PROBLEM STATEMENT = Take the line containing "New Zealand's largest" and all lines after it, through the end of the material, and repeat them exactly, pictures left out.
====== INFORMATION SHOWN ======
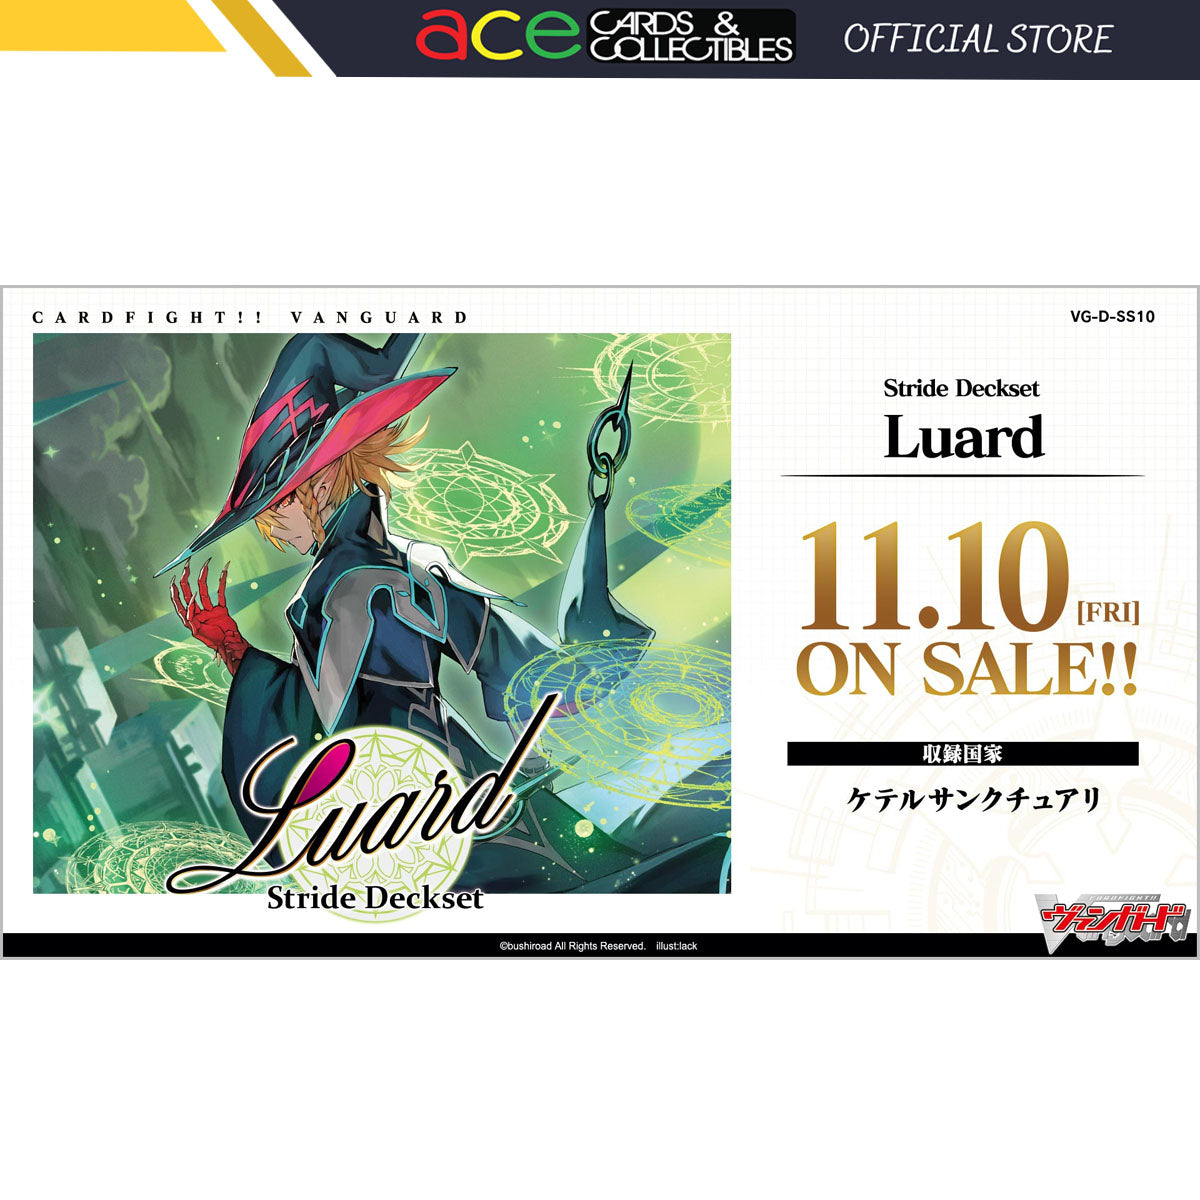 Cardfight!! Vanguard OverDress Special Series Vol. 10 "Stride Deckset Luard" [VG-D-SS10] (Japanese)-Bushiroad-Ace Cards & Collectibles
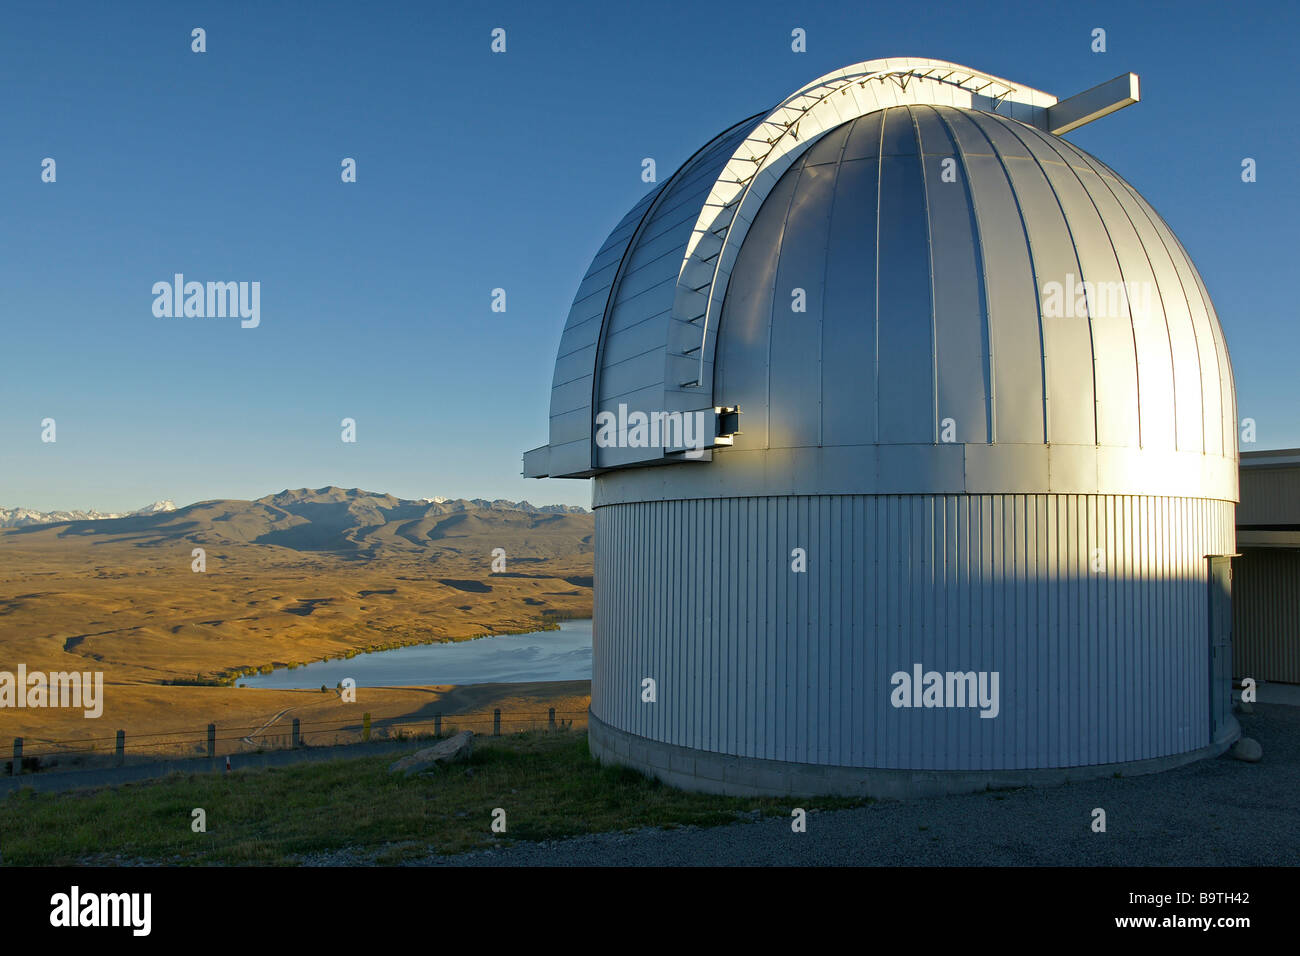 New Zealand's largest telescope at sunrise which is located at Mt John Observatory, Lake Tekapo. Stock Photo
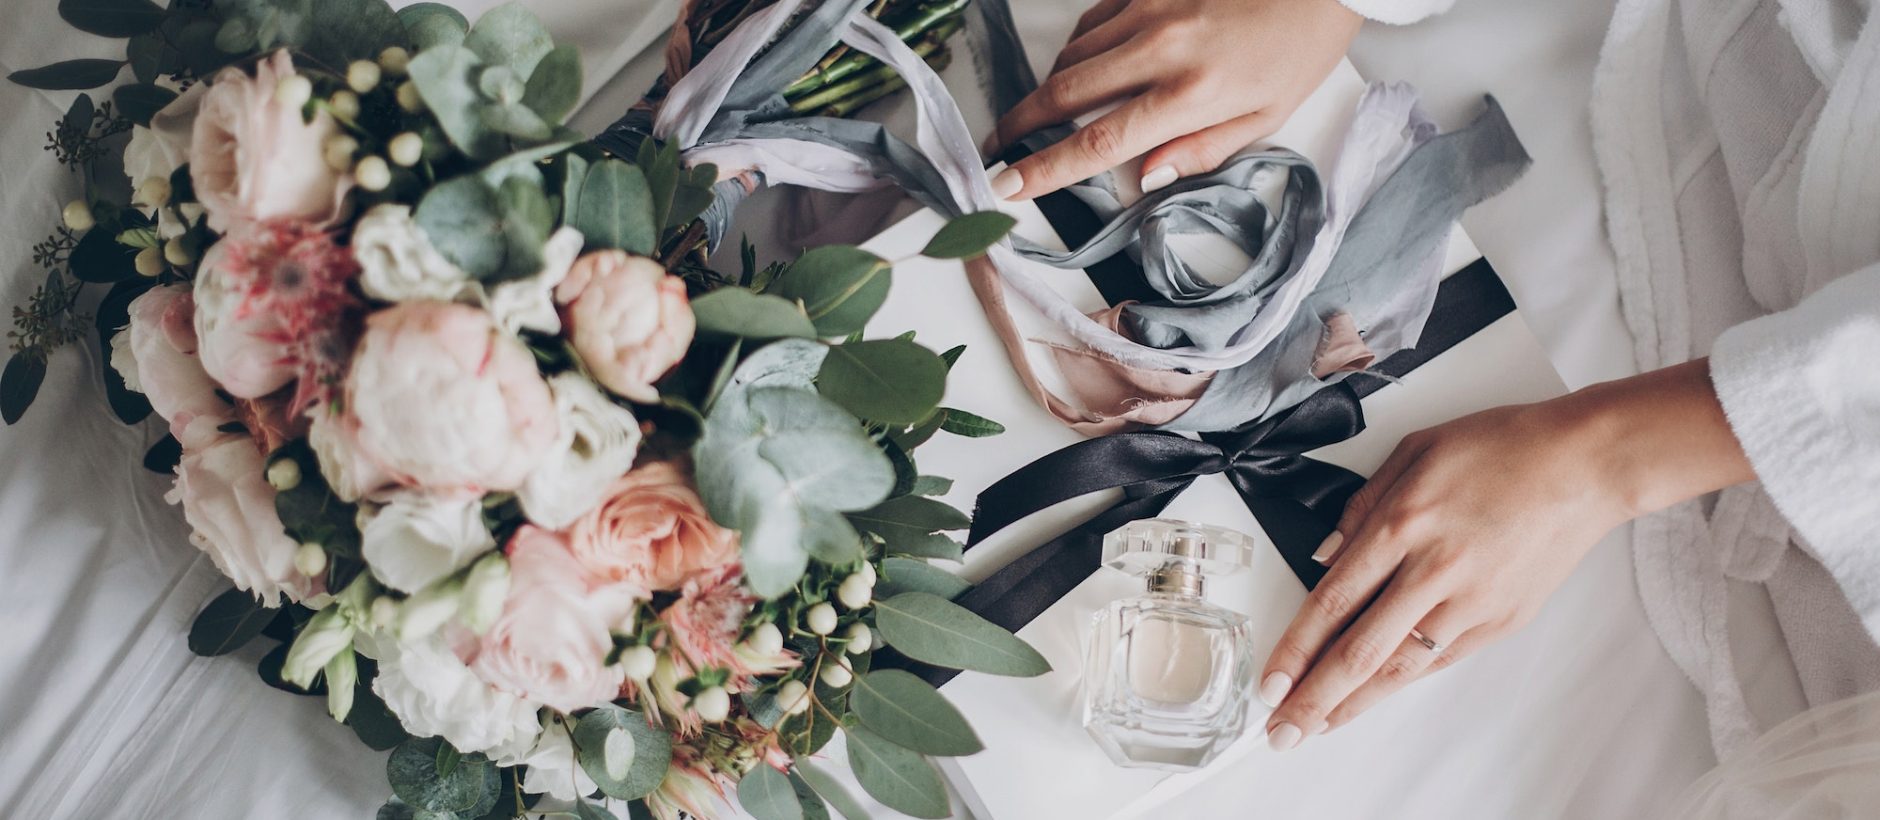 Modern wedding bouquet, perfume bottle, and gift box
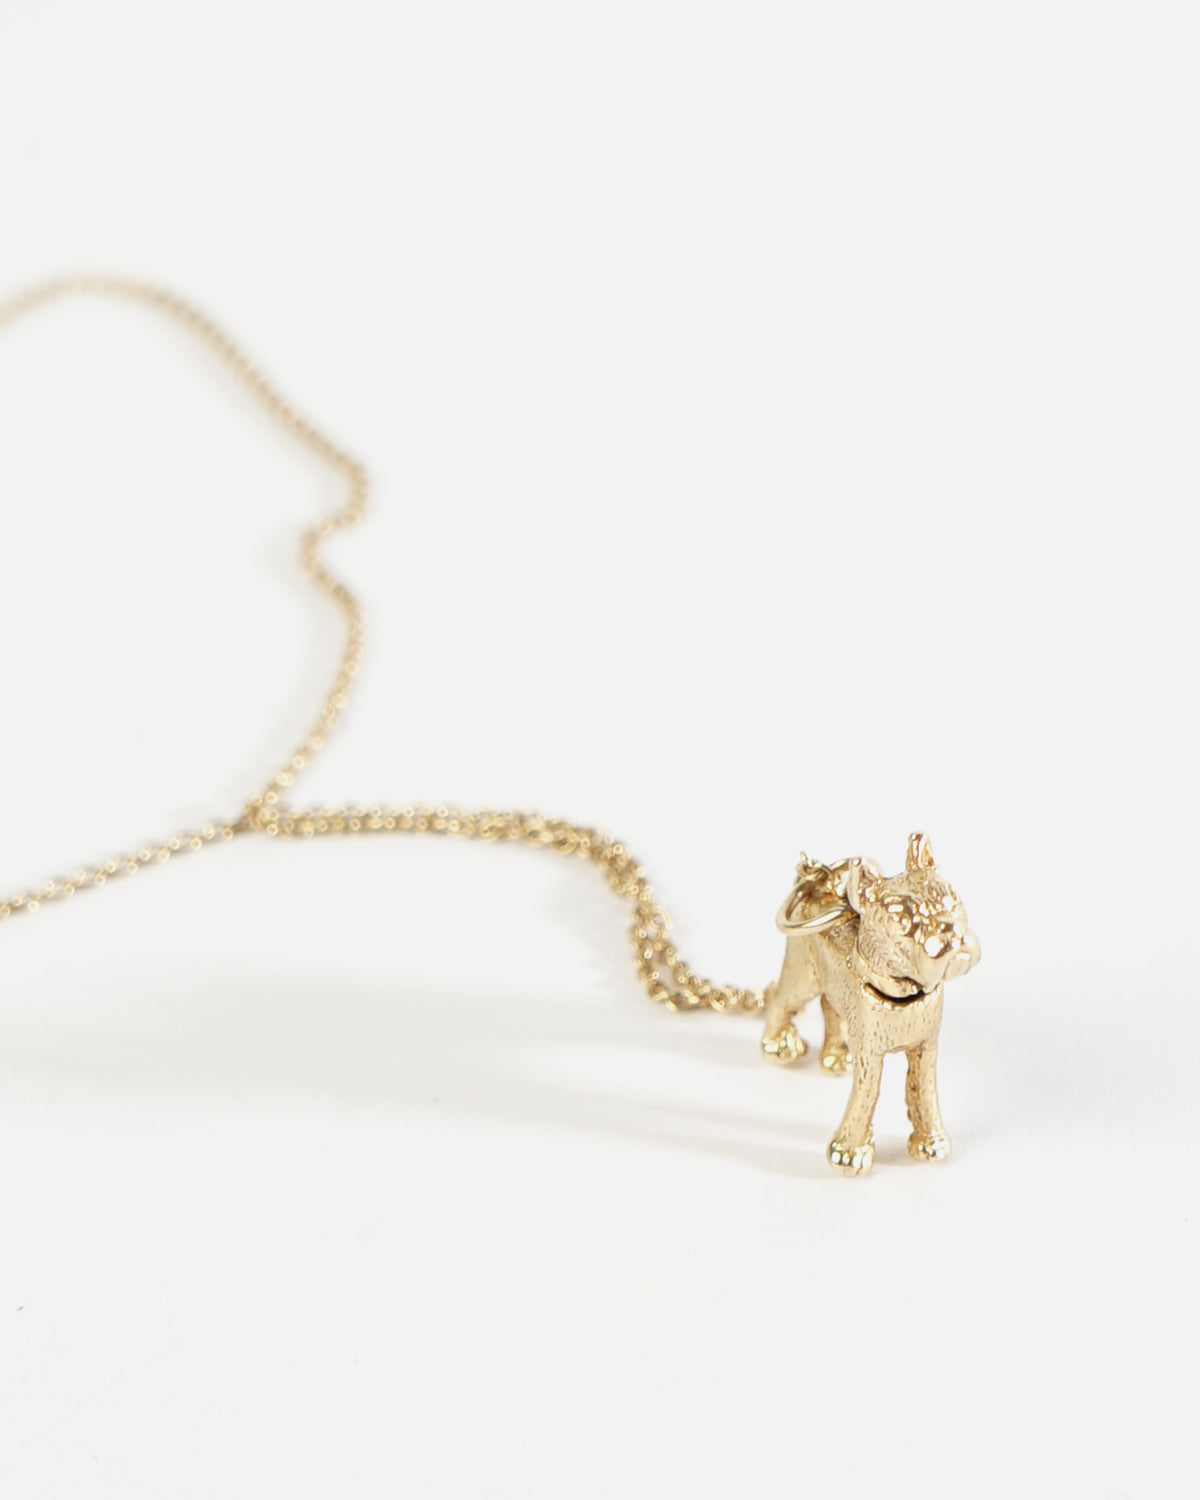 14k Gold Chain Necklace w/ Dog Charm
======
TASK ANSWER =
 New Zealand's largest telescope at sunrise which is located at Mt John Observatory, Lake Tekapo. Stock Photo
 Modern wedding bouquet, perfume bottle, and gift box
 14k Gold Chain Necklace w/ Dog Charm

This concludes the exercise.